Task 1 (Contrastive)

Triplet Loss

I choose to implement a triplet loss architecture with online triplet mining. The loss function is defined as $\mathcal{L}(x_a, x_p, x_n) = \operatorname{ReLU}(\Vert f(x_a) - f(x_p) \Vert^2 - \Vert f(x_a) - f(x_n) \Vert^2 + m)$ where $m$ is a margin parameter and $(x_a, x_p, x_n)$ is a valid triplet. That is, $C(x_a) = C(x_p) \neq C(x_n)$ and $x_a \neq x_p$ where $C(x)$ denotes the class of $x$.

Note: The embeddings are l2-normalized in the backbone before they are passed to the triplet loss.

Mining strategy

I implemented an online triplet mining strategy. That is, we extract the embeddings for each sample in the mini-batch, compute the euclidean distance in the embedding space and pick the most useful triplets based on our mining policy. The reason for not doing all triplets (batch-all) or random triplets is to prevent adding triplets with zero loss as these are too easy to learn from. There are two different policies for positives and negatives implemented, respectively. These are:

Easy positive: Given an anchor $x_a$, we choose the positive $x_p$ minimizing $\Vert f(x_a) - f(x_p)\Vert^2$.

Hard positive: Given an anchor $x_a$, we choose the positive $x_p$ maximizing $\Vert f(x_a) - f(x_p)\Vert^2$.

Semi-hard negative: We pick a negative $x_n$ satisfying $\Vert f(x_a) - f(x_p) \Vert^2 < \Vert f(x_a) - f(x_n) \Vert^2 < \Vert f(x_a) - f(x_p) \Vert^2 + m$.

Hard negative: We pick a negative $x_n$ satisfying $\Vert f(x_a) - f(x_p) \Vert^2 > \Vert f(x_a) - f(x_n)$.

If we do not find any negatives satisfying the active policy, the one minimizing $\Vert f(x_a) - f(x_n)\Vert^2$ is choosen to prevent NaNs.

Without these mining policies, the model collapsed. That is, it was satisfied with learning $f(x)=0$ as the loss converged to the value of $m$. To prevent collapse, we train the model for 35 epochs using different combinations of the above policies:

  1. Epoch 0 to 9: Easy positives and semi-hard negatives.
  2. Epoch 10 to 24: Easy positives and hard negatives.
  3. Epoch 25 to 34: Hard positives and hard negatives.

Note: For validation loss, we always use hard positives and hard negatives.

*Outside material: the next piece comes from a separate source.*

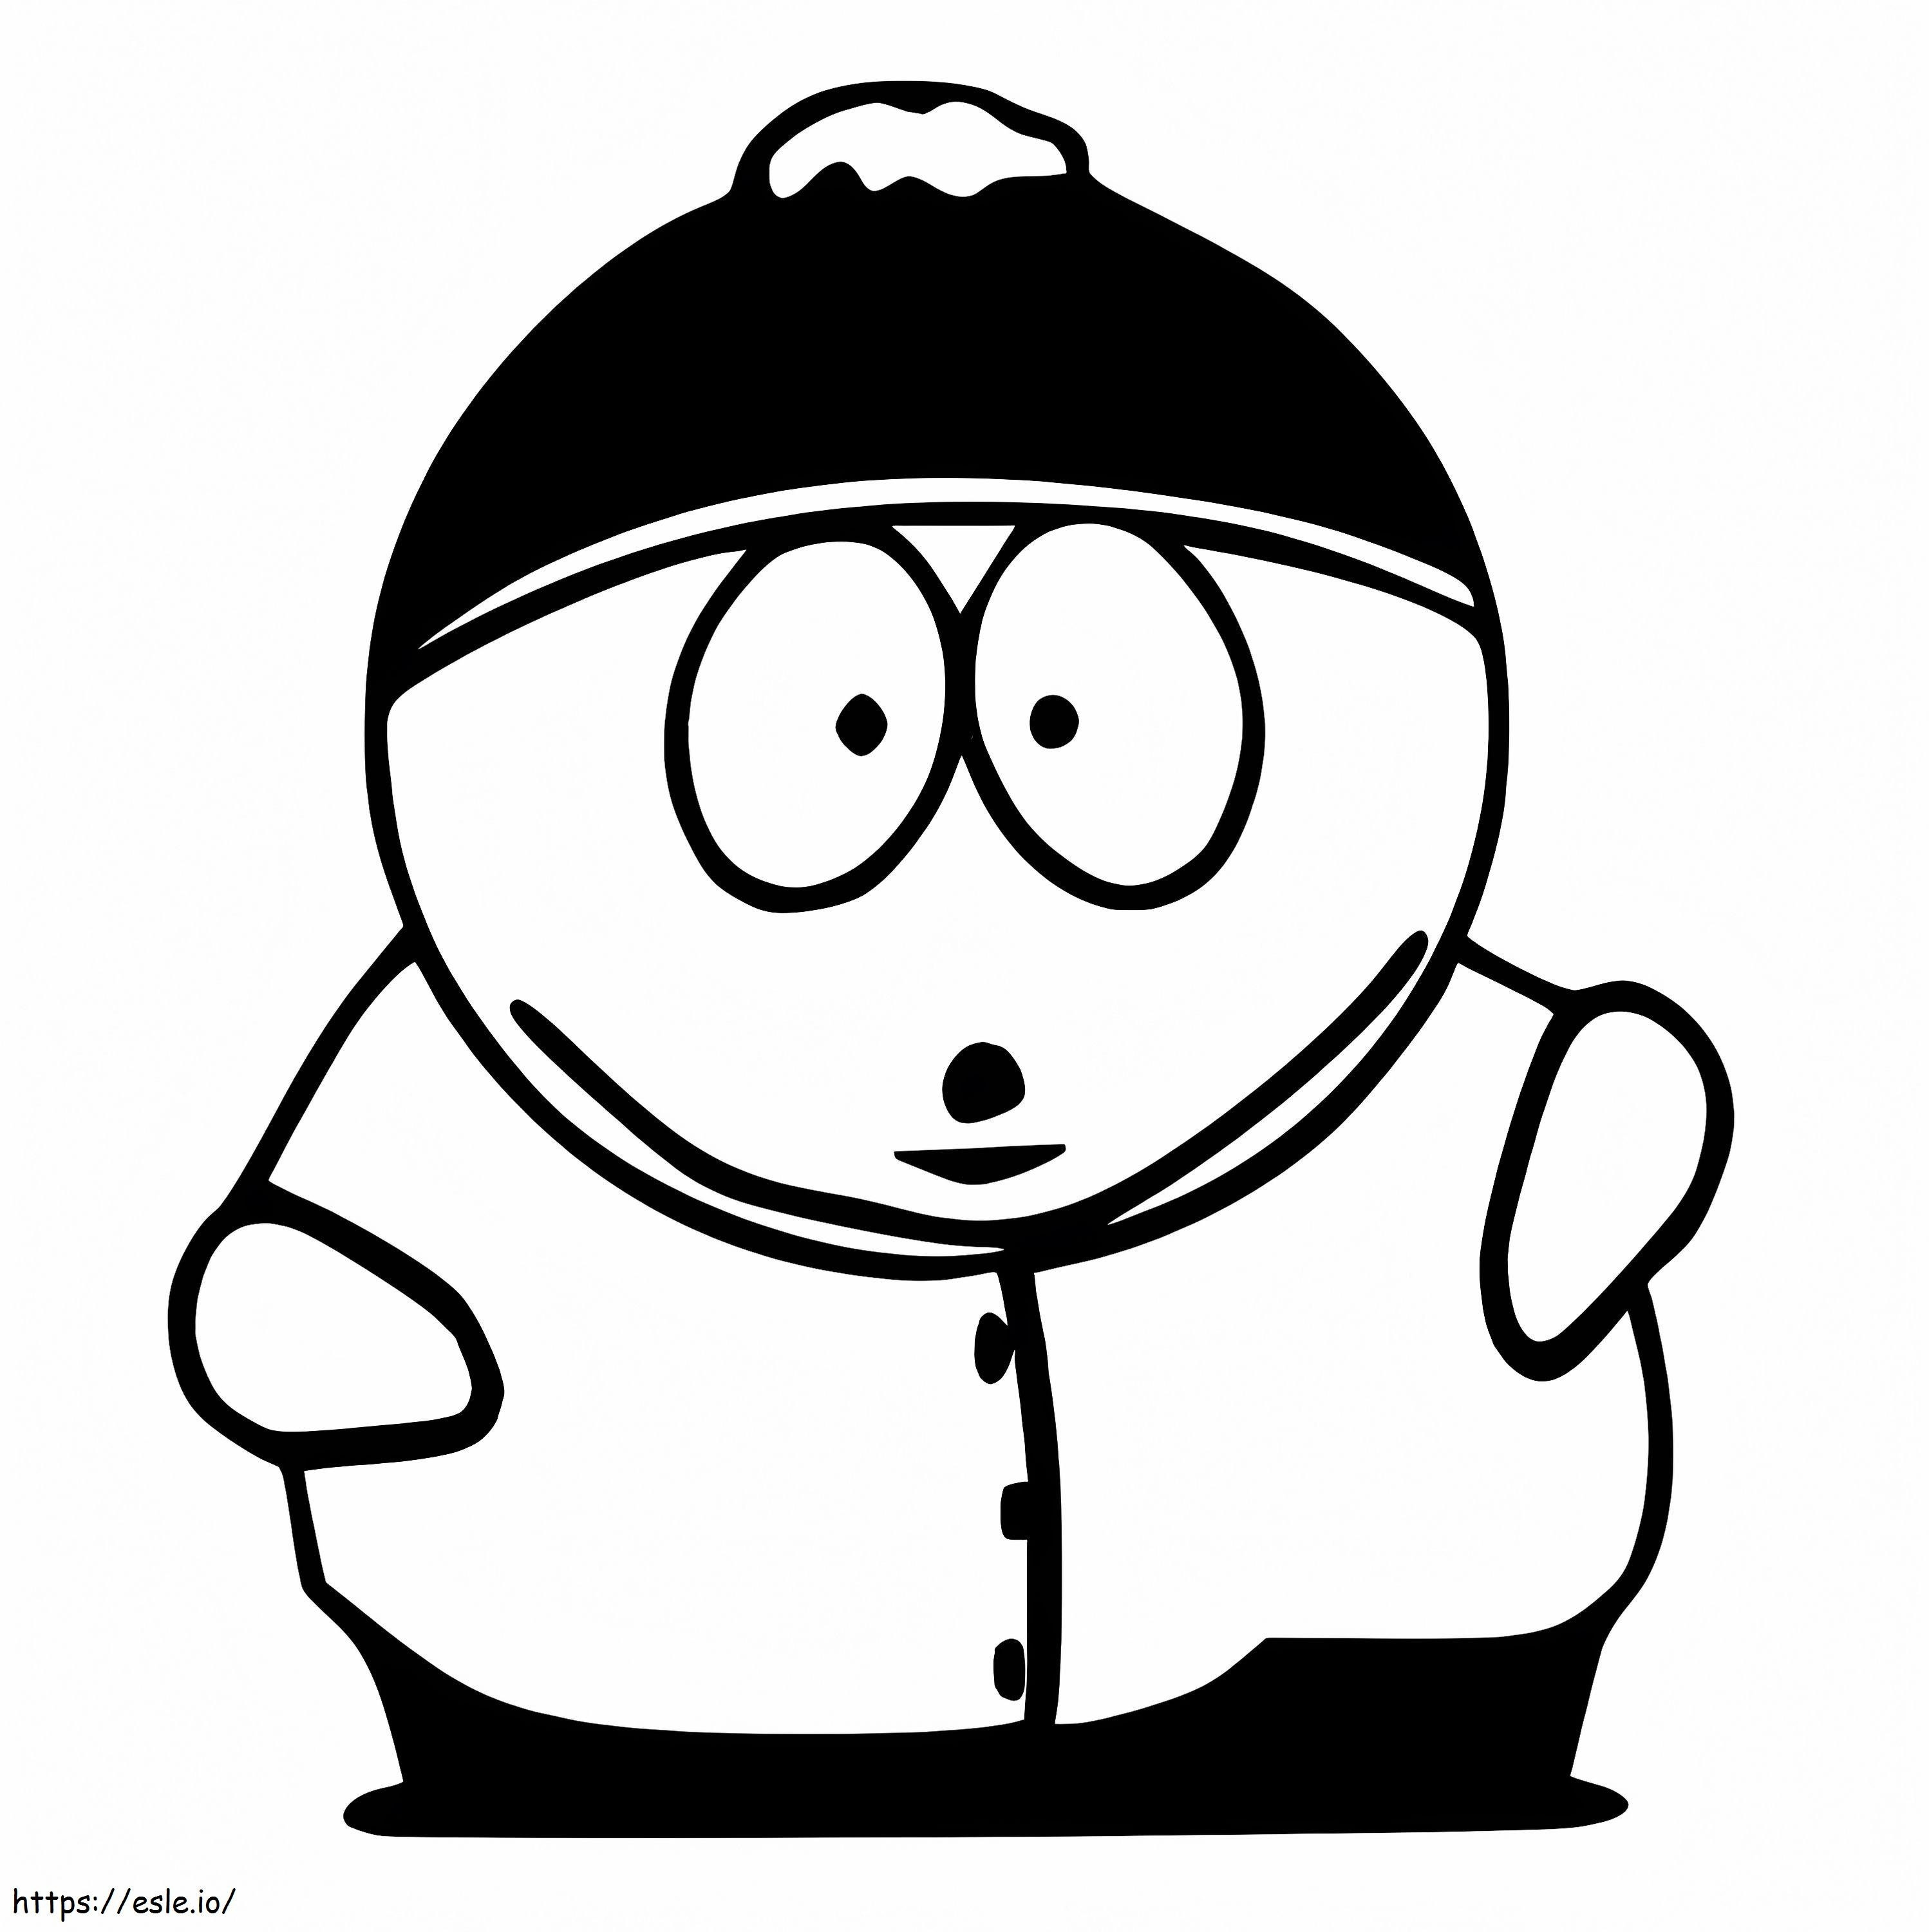 Eric Cartman 1 coloring page

The use of easy positives in training was inspired by the paper Improved Embeddings with Easy Positive Triplet Mining.

Training

It takes around 12 minutes to train the model for 35 epochs (when Birget is having a good day) using the above strategy. We used a batch size of 128 and a learning rate of $14\cdot10^{-4}$ with the Adam optimizer. A margin of $m=0.5$ was used for this run, but different values such as 0.3 and 0.2 also give good results.

Loss Plot

We can see a steady decrease in validation loss during training. There are two jumps in the training loss which are due to the change of mining policies (increasing difficulty). These jumps are not seen in the validation loss since we always compute validation loss using the most difficult triplets.

Of course, since we are not training a classifier (the last fully connected layer is omitted), there is no obvious way to compute accuracy.

Task 2 (Classifier-based)

I chose to implement the Angular Margin Loss from ArcFace in this task. This loss function uses (l2-normalized) activations and weights from the second to last and last layer, respectively. We have two hyperparameters $s$ (scale) and $m$ (margin). These where set to $s=64$ and $m=0.5$ during training, which is the same as in ArcFace: Additive Angular Margin Loss for Deep Face Recognition. I think there is room for experimentation when it comes to these parameters. See AngularMarginLoss in loss_functions.py for implementation details.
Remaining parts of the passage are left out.